Middle East

US, UK instructed terrorists to use chemicals near Syria capital: Military source

The US, the UK and other western states have given terrorist groups instructions to stage a chemical attack in the Eastern Ghouta suburb of Damascus and pin it on the government, a Syrian military source says.

Citing confidential information, the source said Eastern Ghouta-based terror organizations, including al-Nusra Front, Faylaq al-Rahman and Ahrar al-Sham, are preparing for another “spectacle on the alleged use of chemical weapons by the Syrian Arab Army,” the official SANA news agency reported on Thursday.

Under instructions from the Western countries, including the US and the UK, the terrorists would deploy the chemicals “near the front lines with the Syrian army and target civilians and accuse the Syrian State and army of this act,” the source added.

The sources, however, added that Syrian armed forces have “never had chemical weapons or used them and will not do.”

Syria signed the Chemical Weapons Convention (CWC) in 2013 and surrendered its stockpiles of chemical weapons months later to a joint mission led by the UN and the Organization for the Prohibition of Chemical Weapons (OPCW), which oversaw the destruction of the weaponry.

It has also consistently denied using chemical weapons over the course of the foreign-backed militancy, which gripped the country in 2011.

Western governments and their allies, however, have never stopped pointing the finger at Damascus whenever an apparent chemical attack takes place.

Militants and their foreign supporters have in recent days been making fresh attempts to link an alleged gas attack to the Syrian government.

Last week, Russia, which has been helping Syrian forces in their anti-terror operations, warned that militants were planning a gas attack in Eastern Ghouta to pin it on the Syrian government.

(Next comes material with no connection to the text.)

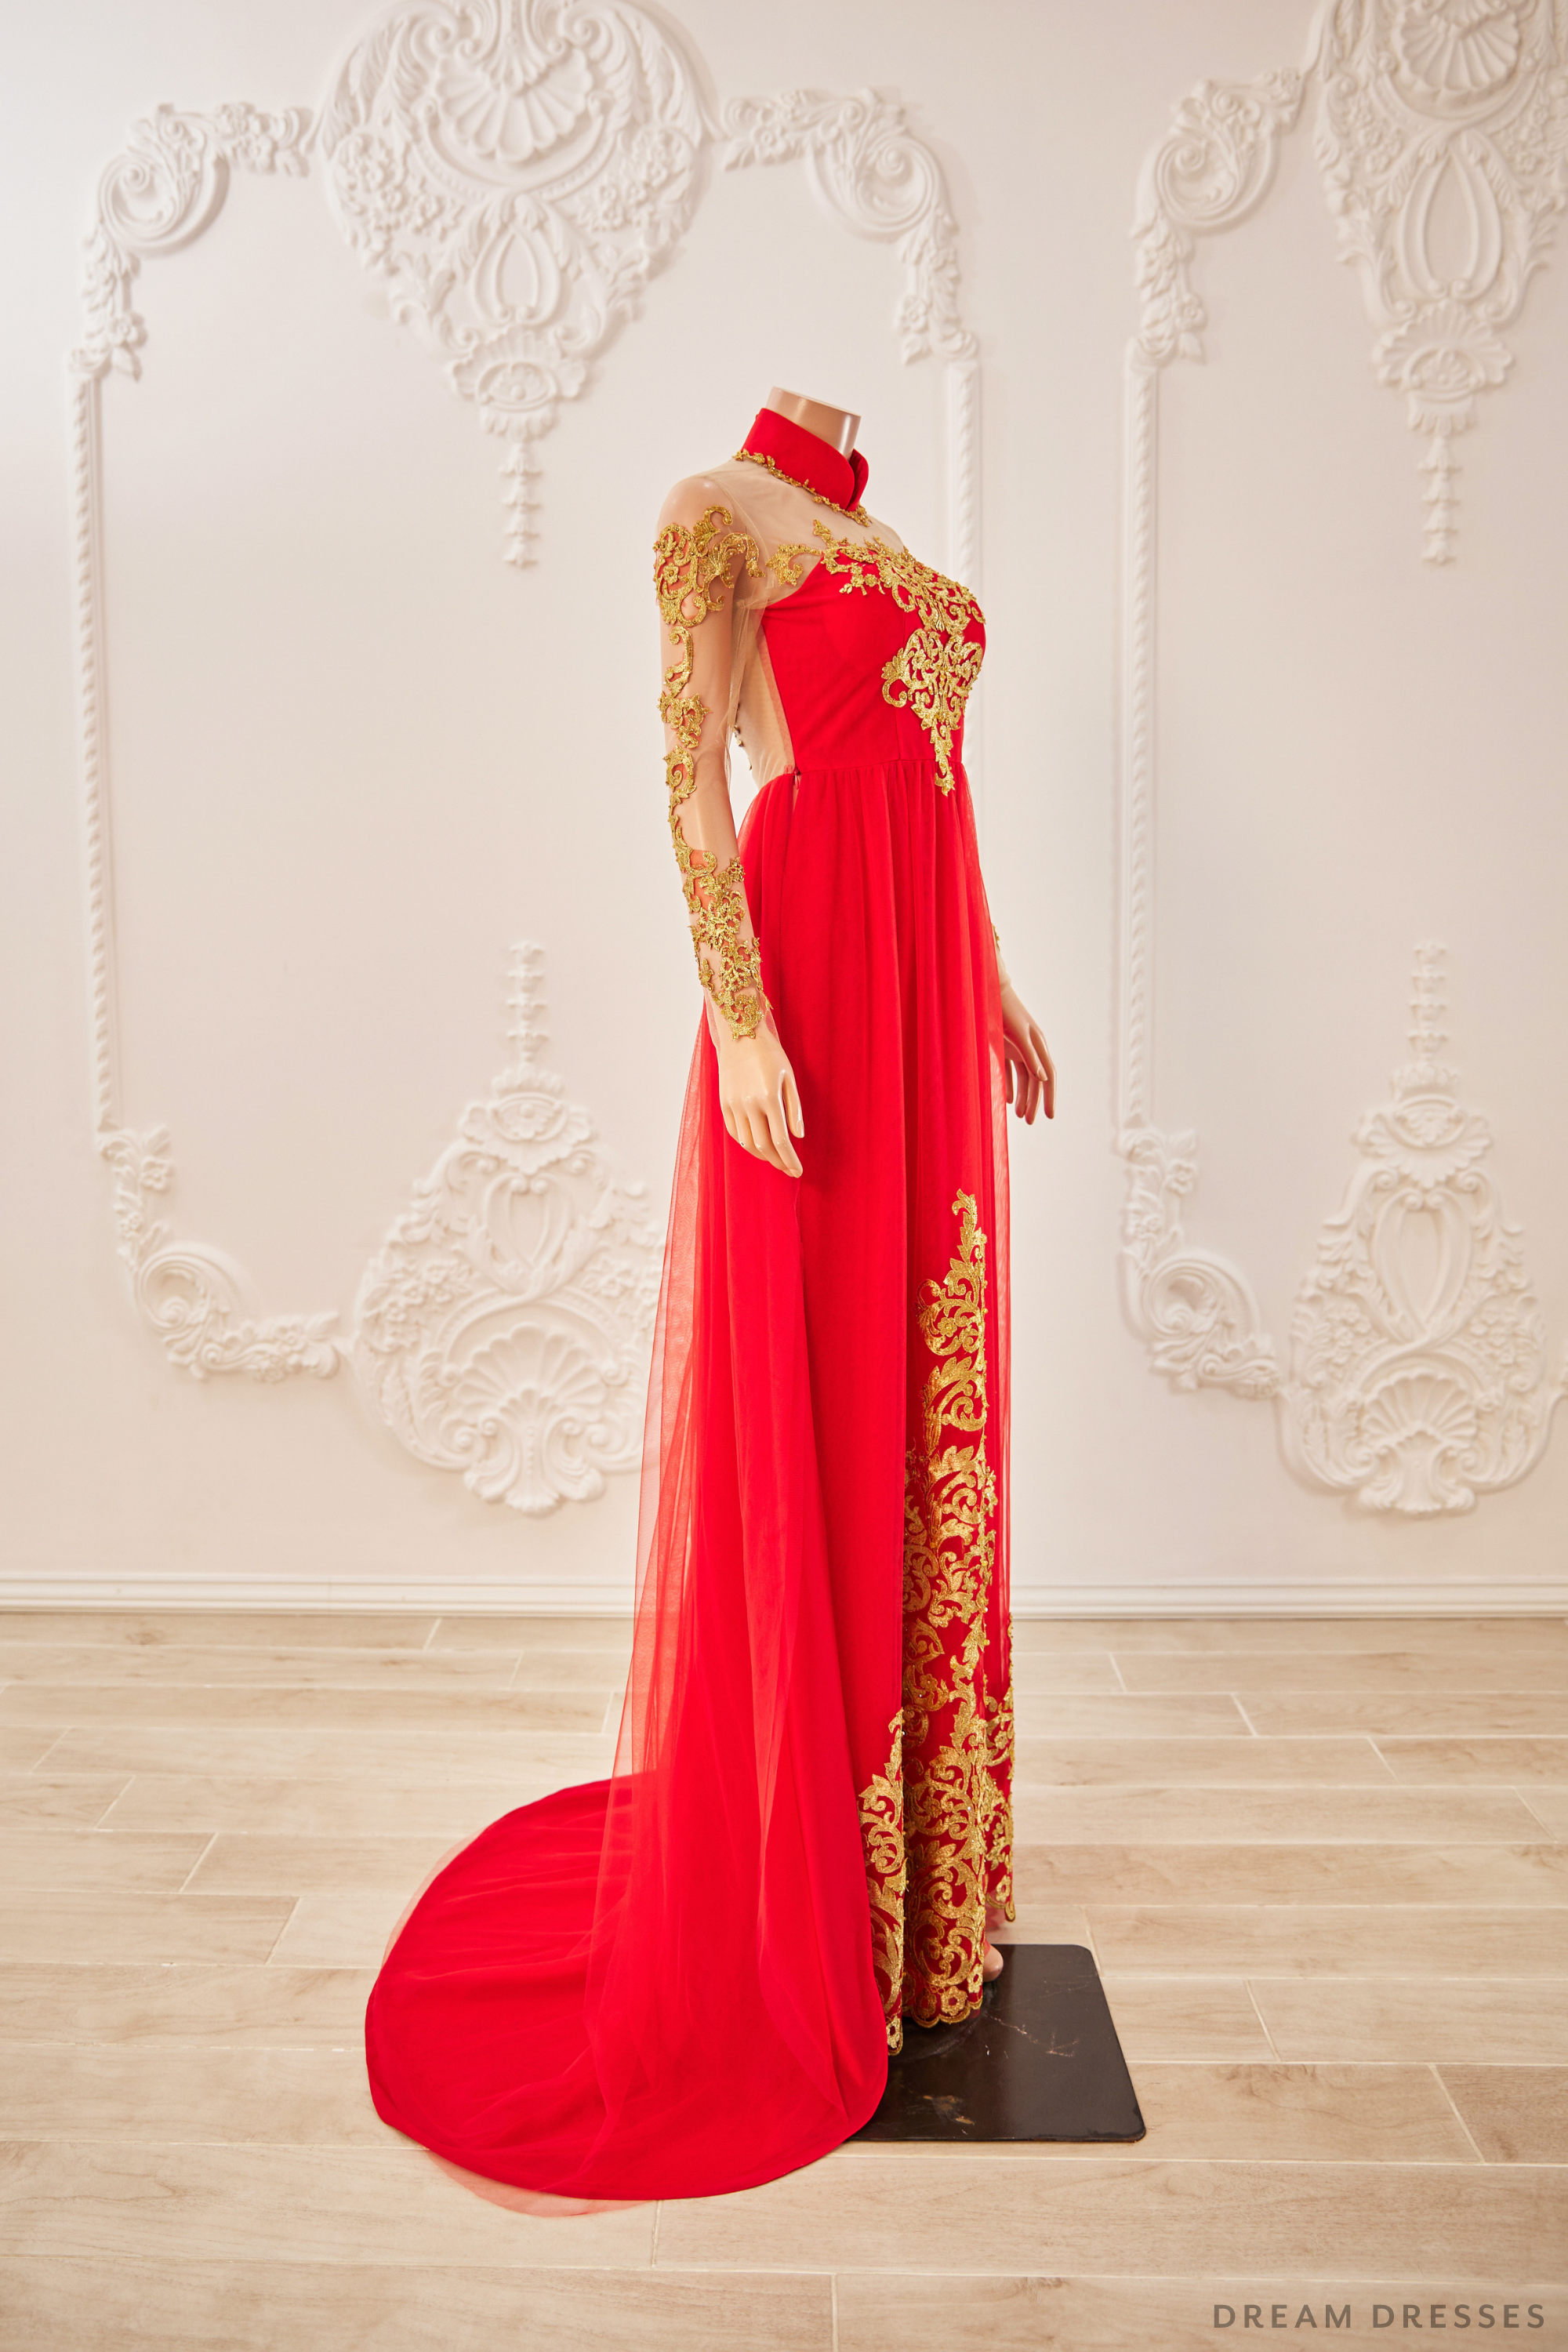 Red Bridal Ao Dai | Vietnamese Traditional Bridal Dress with Gold Lace |  Dream Dresses by P.M.N.

Shortly after that warning, the so-called Syrian Observatory for Human Rights, which is sympathetic to anti-Damascus militants, claimed 14 civilians had suffered breathing difficulties after a Syrian warplane struck the village in the Eastern Ghouta region in the Syrian capital’s suburbs.

Both Damascus and Moscow rejected the claim.

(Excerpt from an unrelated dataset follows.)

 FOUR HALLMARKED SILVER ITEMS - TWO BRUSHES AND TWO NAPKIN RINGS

Meanwhile, the US and its allies are pushing for a UN probe of the alleged use of chemical weapons in Syria, according to a draft statement seen by AFP.

Russia and Syria back such a probe, but say the investigators should not be biased in favor of the Western-backed militants operate in an impartial and independent manner.

Britain and France have said they would strike Syria if such claims are proven.

On Friday, French President Emanuel Macron and his US counterpart Donald Trump held a phone call, saying there would be “no impunity” in the event of “further chemical weapons use in Syria,” Reuters reported.

Macron “stressed there will be a firm response in the case of proven use of chemical weapons leading to the death of civilians, in close coordination with our American allies,” a statement from the French presidency said.

Trump had also held a phone conversation with German Chancellor Angela Merkel, during which they called on Russia to stop its bombardments of terrorists in Eastern Ghouta.

Later today, the United Nations Human Rights Council is set to hold an emergency session on Eastern Ghouta at the request of Britain.